We were caught between the two. All we wanted to do was keep the peace. We could not see why either of them should be making so much fuss about so little. We came to see something of Mohamed’s outlook, but Abdi’s was more difficult to see, for it was more deeply hidden. To us, the old warrior appeared to be two men. One was gentle, compassionate, courageous, the man who stopped the car rather than run over a bird, the man who sorrowed for his destitute people, the man who would walk calmly up to a poisonous snake. The other was fierce, violent, raging, the man who struck again and again at the dead animal, the man whose anger had to run its course before it faded. The two men seemed in direct opposition. But were they?
When his fury had passed, he was at peace for a while, and then he came to the brushwood hut and talked to me, telling me about a strange bird, the ghelow. I had seen this bird only once.
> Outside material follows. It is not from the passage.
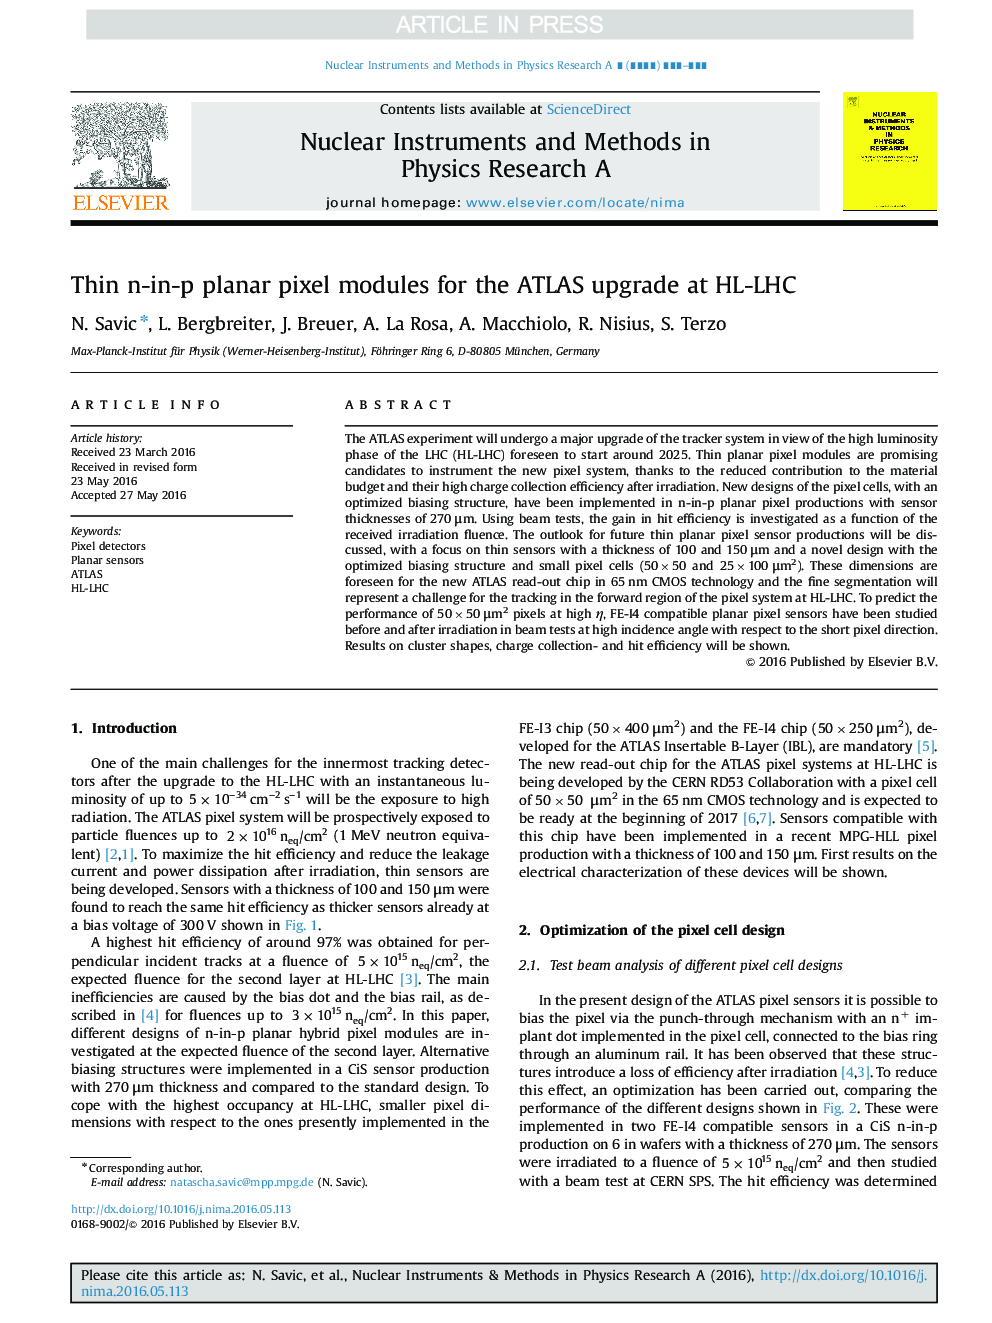 Thin n-in-p planar pixel modules for the ATLAS upgrade at HL-LHC

It was sleek and mottled brown, with a long neck and a little darting head like a snake’s.
“If some man die,” Abdi said, “always, we hear ghelow – crying, crying – all night.”
If there had been no moonlight for fifteen nights, or if any bad trouble was threatening the area, the bird sang its dirge until morning. An occult bird, a bird of magical powers.
The old warrior had recently heard the ghelow. He spoke sadly, with resignation, as though the coming evil could not be averted. And so it proved.
Abdi made it plain to Jack that he disapproved of my chatting with Arabetto and Mohamed. Sahib and memsahib we were, and must remain so. The rules must be maintained, or chaos might descend upon everyone. He did not accept change of any sort.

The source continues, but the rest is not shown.